Return each line, exactly as given, from the one containing "18K Yellow Gold" through the end of the entries below, and skip the rest.
- - - - - - -
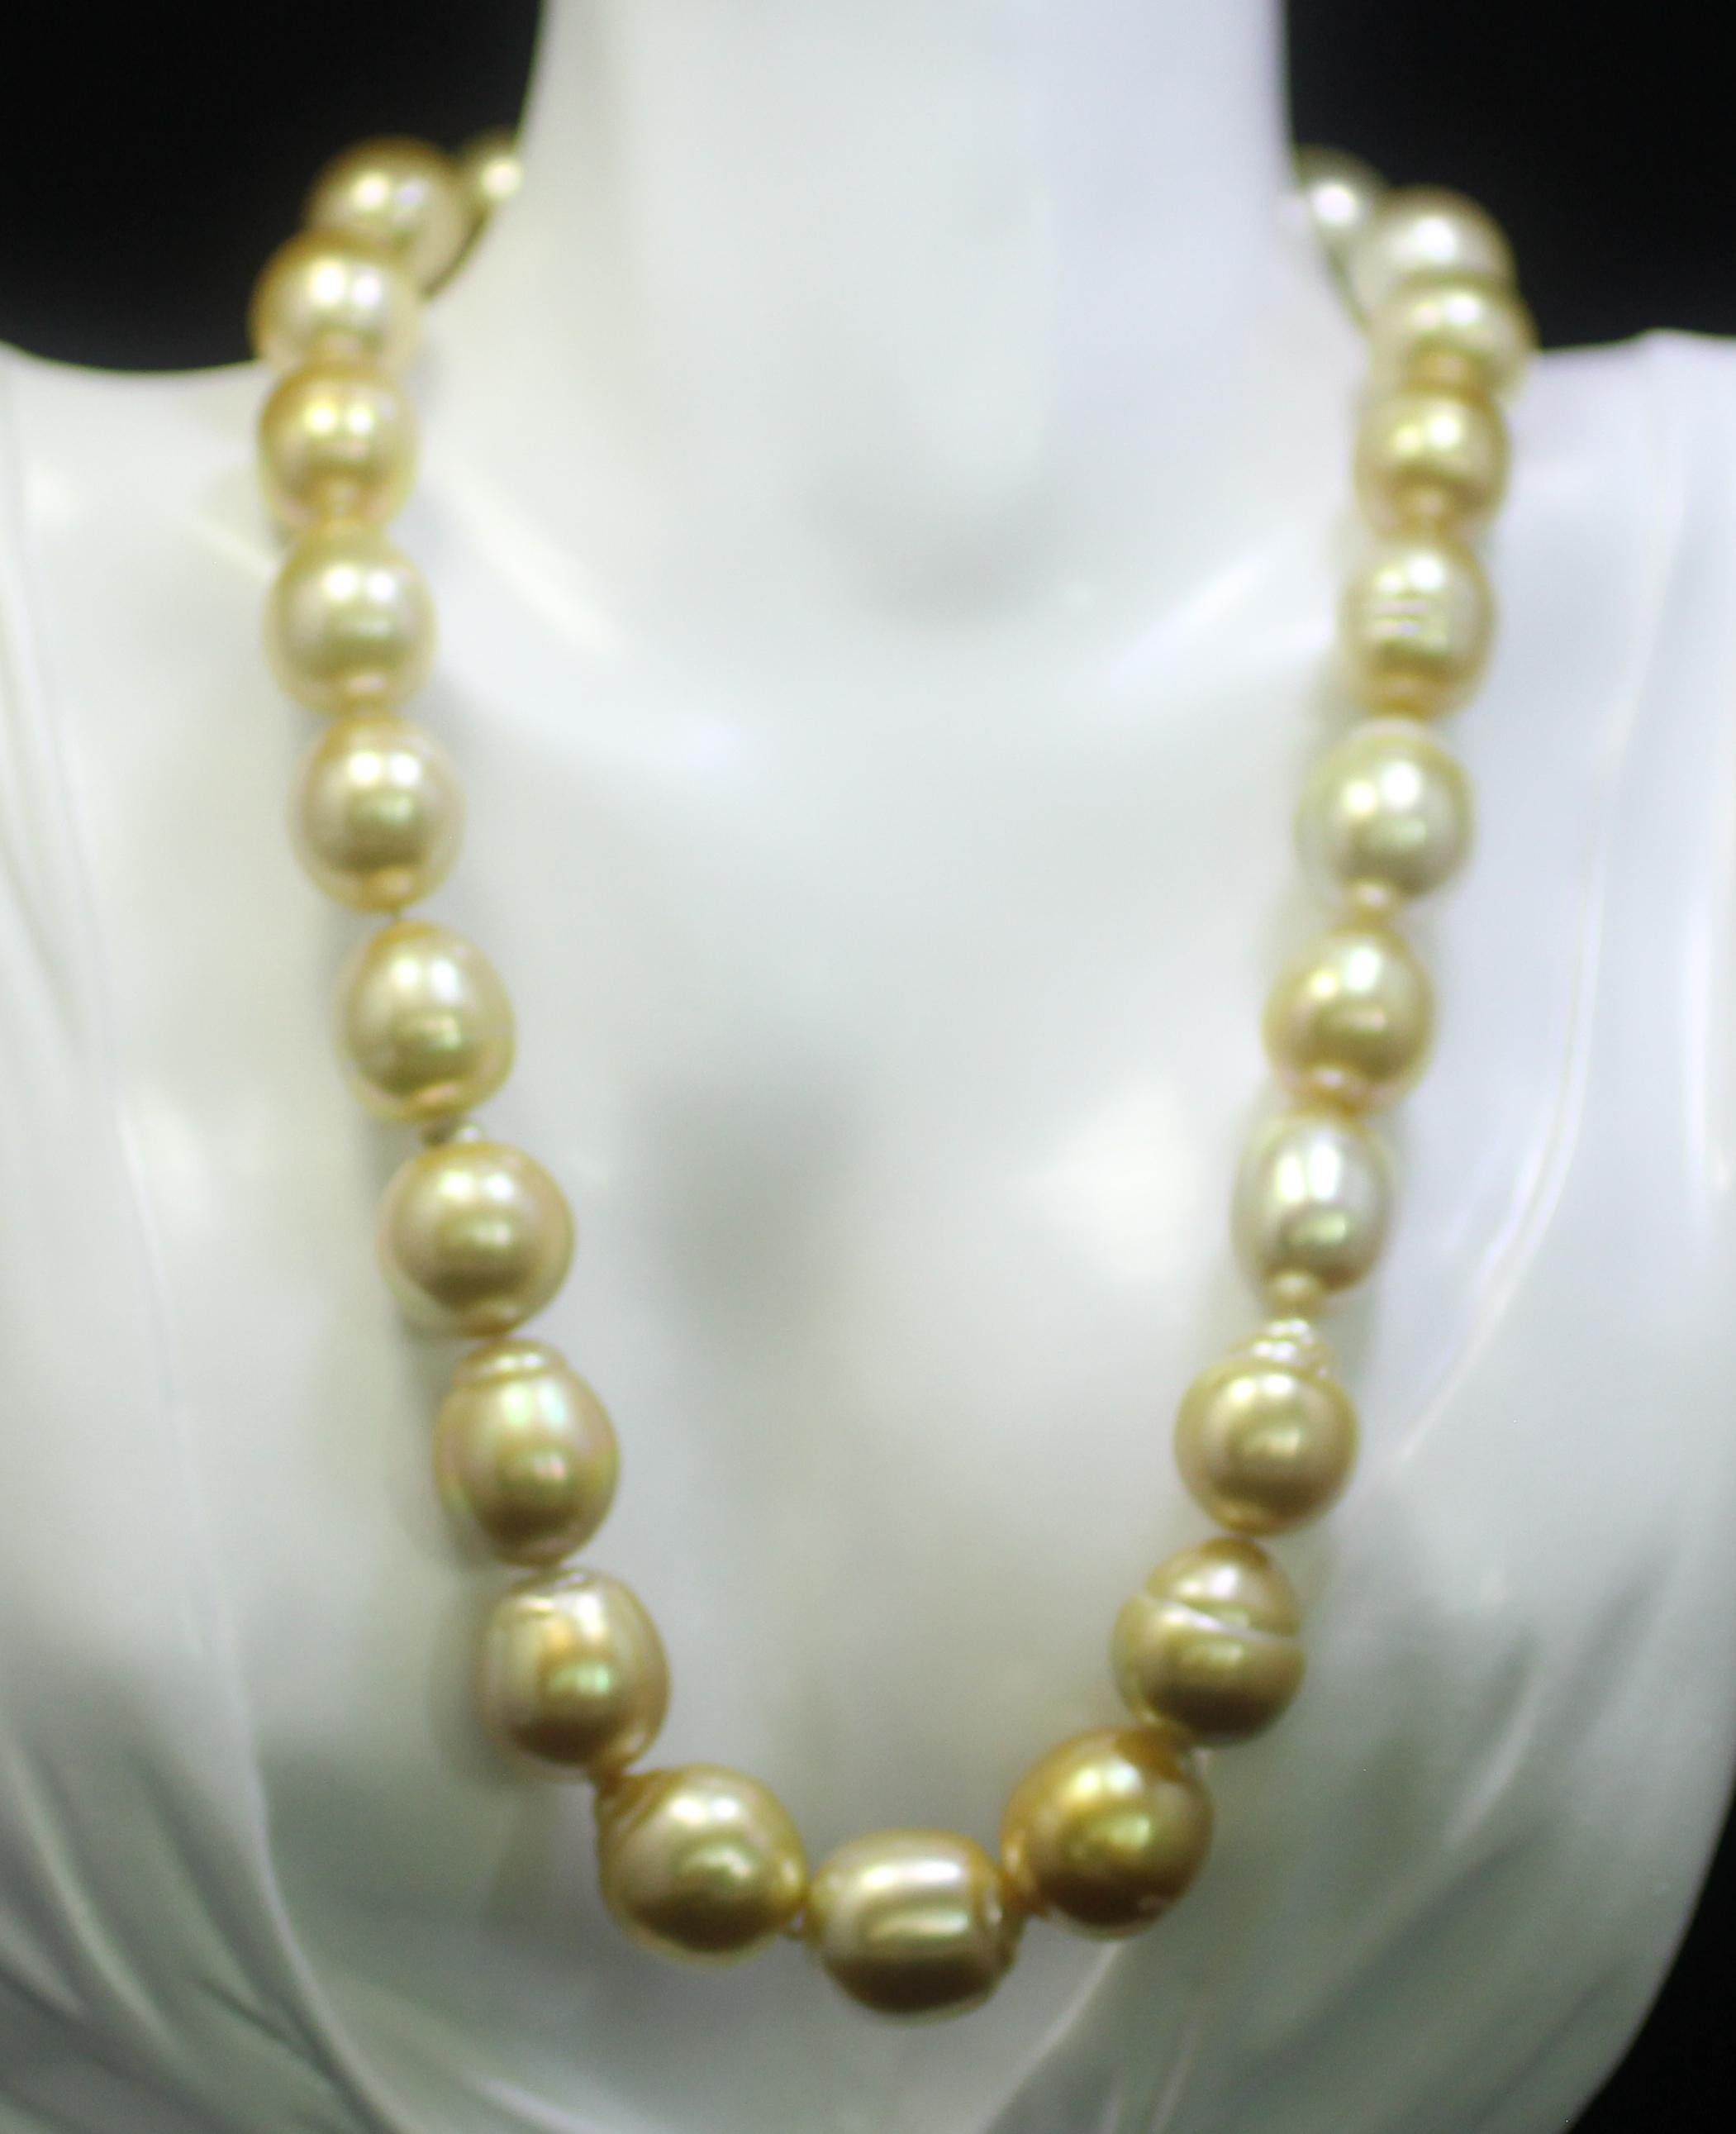 Hakimoto 18K Rare Deep Natural Golden color South Sea Baroque Pearl Necklace
18K Yellow Gold  
Weight (g): 119
Cultured Golden South Sea Pearl 
Pearl Size: 12X16mm 
Pearl Shape: Baroque 
Body color: Natural Deep Golden
Orient: Very Good
Luster: Very
- - - - - - -
• **Solved exercise**
18K Yellow Gold  
Weight (g): 119
Cultured Golden South Sea Pearl 
Pearl Size: 12X16mm 
Pearl Shape: Baroque 
Body color: Natural Deep Golden
Orient: Very Good
Luster: Very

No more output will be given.